Decreasing sequence of compact subsets of a Hausdorff space Let $E$ be a Hausdorff topological space and $(K_{n})_{n \in \mathbb{N}}$ be a decreasing sequence of compact subsets of $E$. Let $U \subset E$, $U$ open with $\bigcap_{n \in \mathbb{N}} K_{n} \subset U$. Then the following assertion is true?
$$\exists n_{0} \in \mathbb{N}\, \text{s.t. } \forall n\geq n_{0}, \,K_{n}\subset U$$
Is there a counter example?
 A: Sure. $K = \cap_n K_n$ is non-empty and compact (closed subset of compact $K_0$, and compact sets are closed due to Hausdorffness). We know that $K \subseteq U$. If $K_m \subset U$, by decreasingness for all $k \ge m$ also $K_k \subseteq U$. So if the statement fails we know that $K_n \setminus U$ is non-empty for all $n$. 
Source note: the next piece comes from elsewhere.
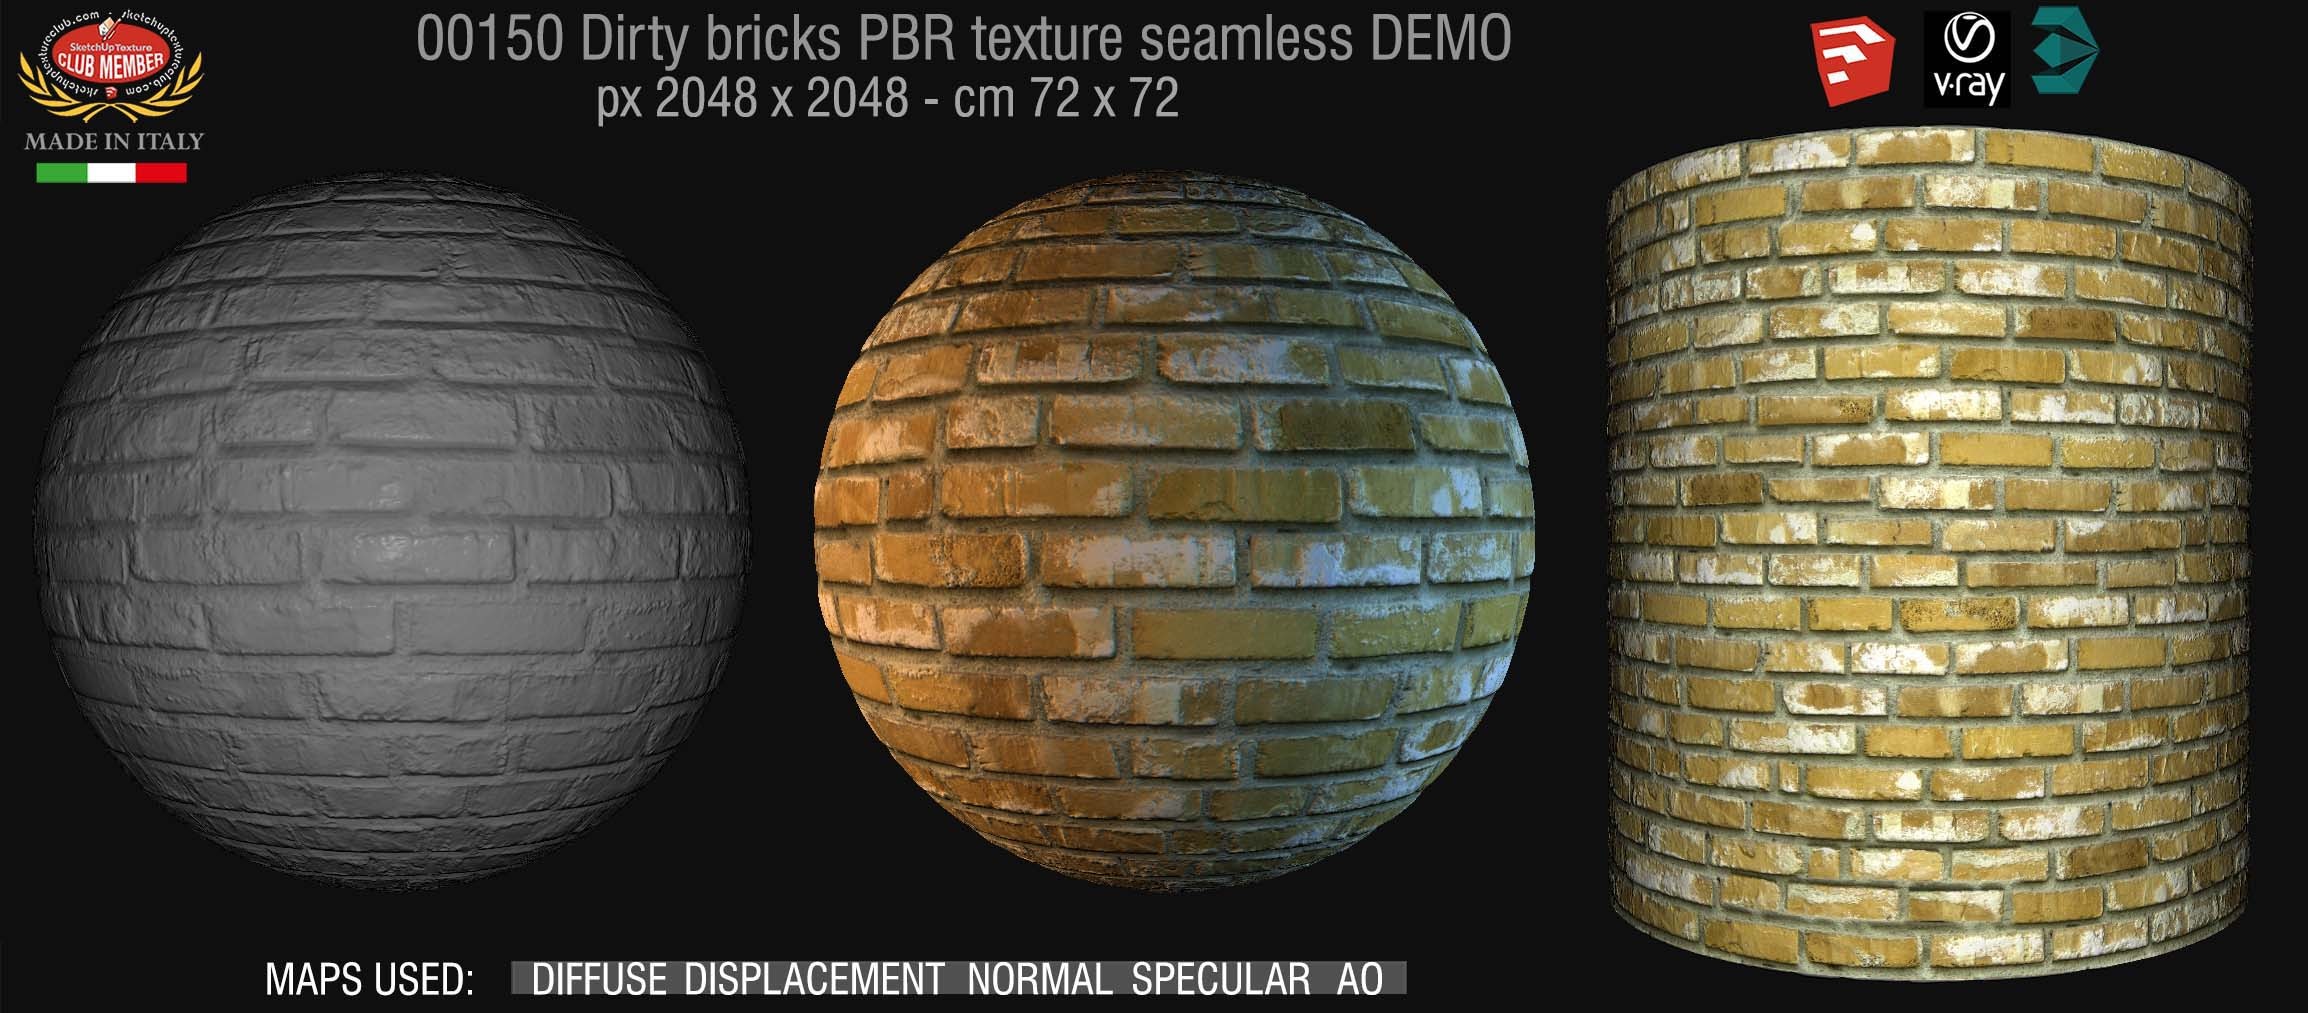 00150 Dirty bricks PBR texture seamless DEMO
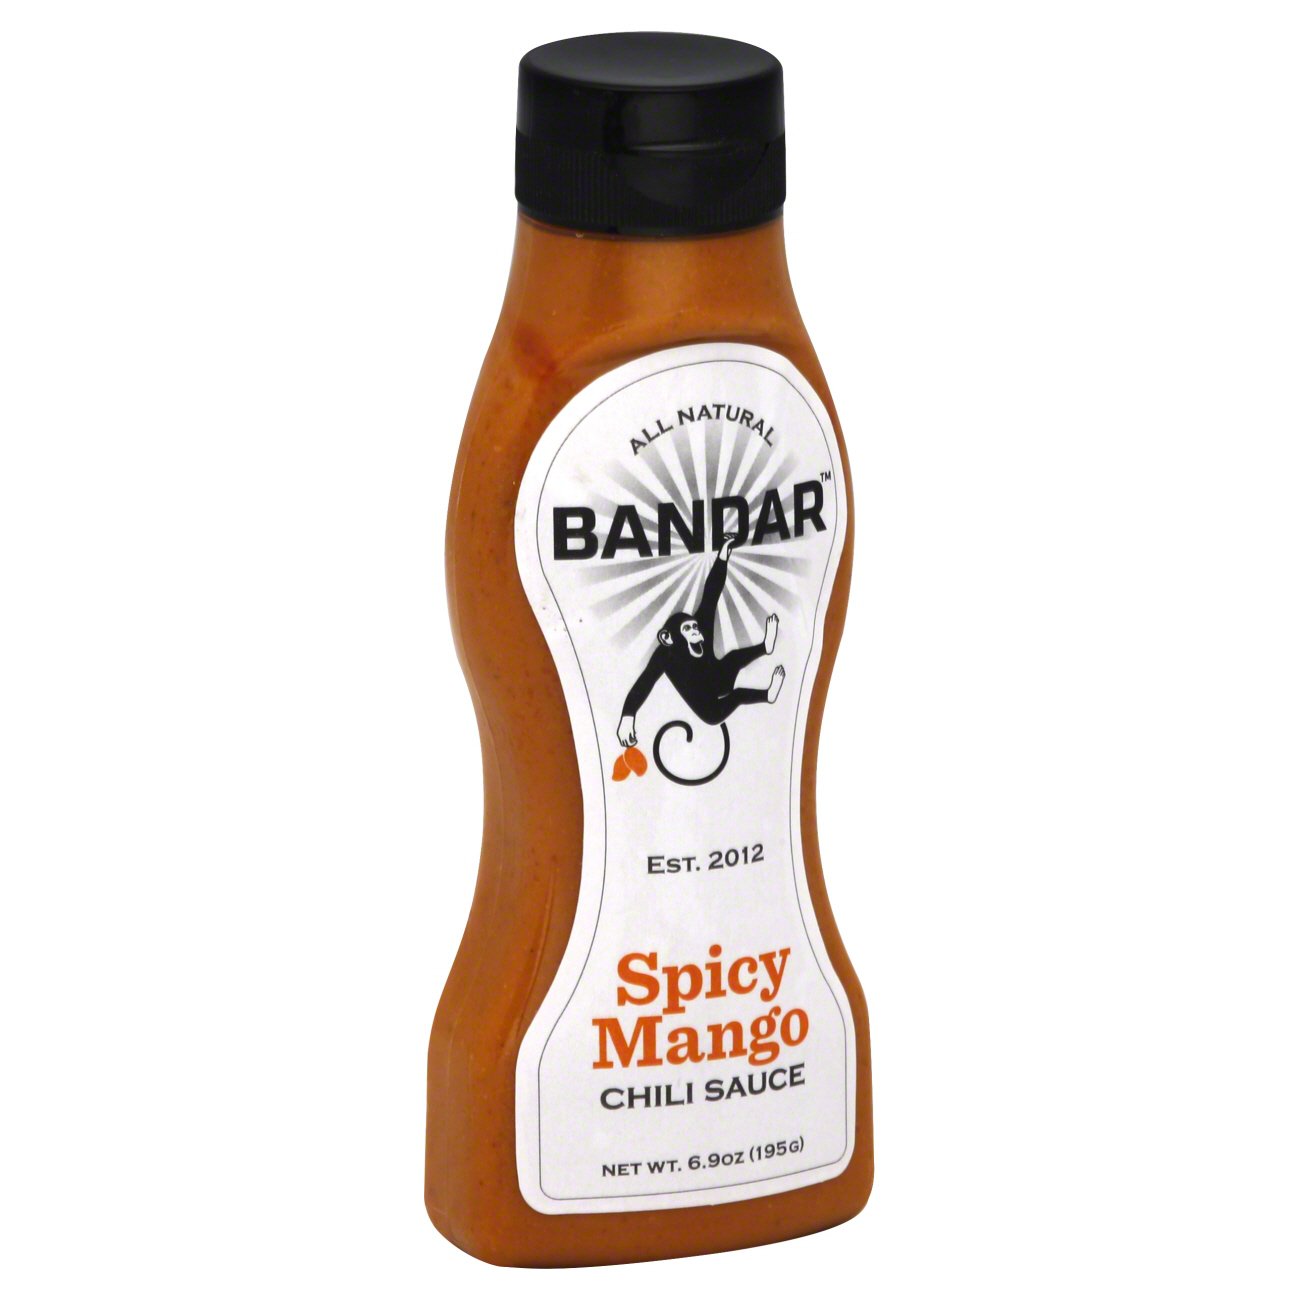 Bandar Spicy Mango Chili Sauce - Shop Condiments at H-E-B

The same fact that showed that $K$ was non-empty, shows that $\cap_n (K_n\setminus U) = (\cap_n K_n) \setminus U = K \setminus U$ is non-empty, contradicting $K \subseteq U$. 
A: Suppose that 
$$(\exists n_{0} \in \mathbb{N}) (\forall n\geq n_{0}) K_{n}\subset U$$
is not true. 
This means that $K_n\setminus U\ne\emptyset$ for each $n$.
(Here we also use the fact that the given system is decreasing.)
Then the system $(K_n\setminus U)_{n\in\mathbb N}$ is system of compact1 sets which has finite intersection property. By compactness we get that the intersection 
$$\bigcap_{n\in\mathbb N} (K_n\setminus U)= \left(\bigcap_{n\in\mathbb N} K_n\right)\setminus U$$ 
is non-empty.
Thus we get $\bigcap\limits_{n\mathbb N} K_n \not\subseteq U$.
This proves the claim from your question. (More precisely, we proved the contraposition.)

1 As pointed out in comments, this needs some clarification. Since these sets are compact, they are also closed. (This is the place where we use that we are working in a Hausdorff space.)
So we have a system of closed sets with finite intersection property. At the same time, all these sets are subsets of $K_1\setminus U$. This is a closed set of $K_1$, hence it is compact.
So we are working with a system of closed subsets of the compact space $K_1\setminus U$ which has a finite intersection property and we can use an equivalent characterization of compactness.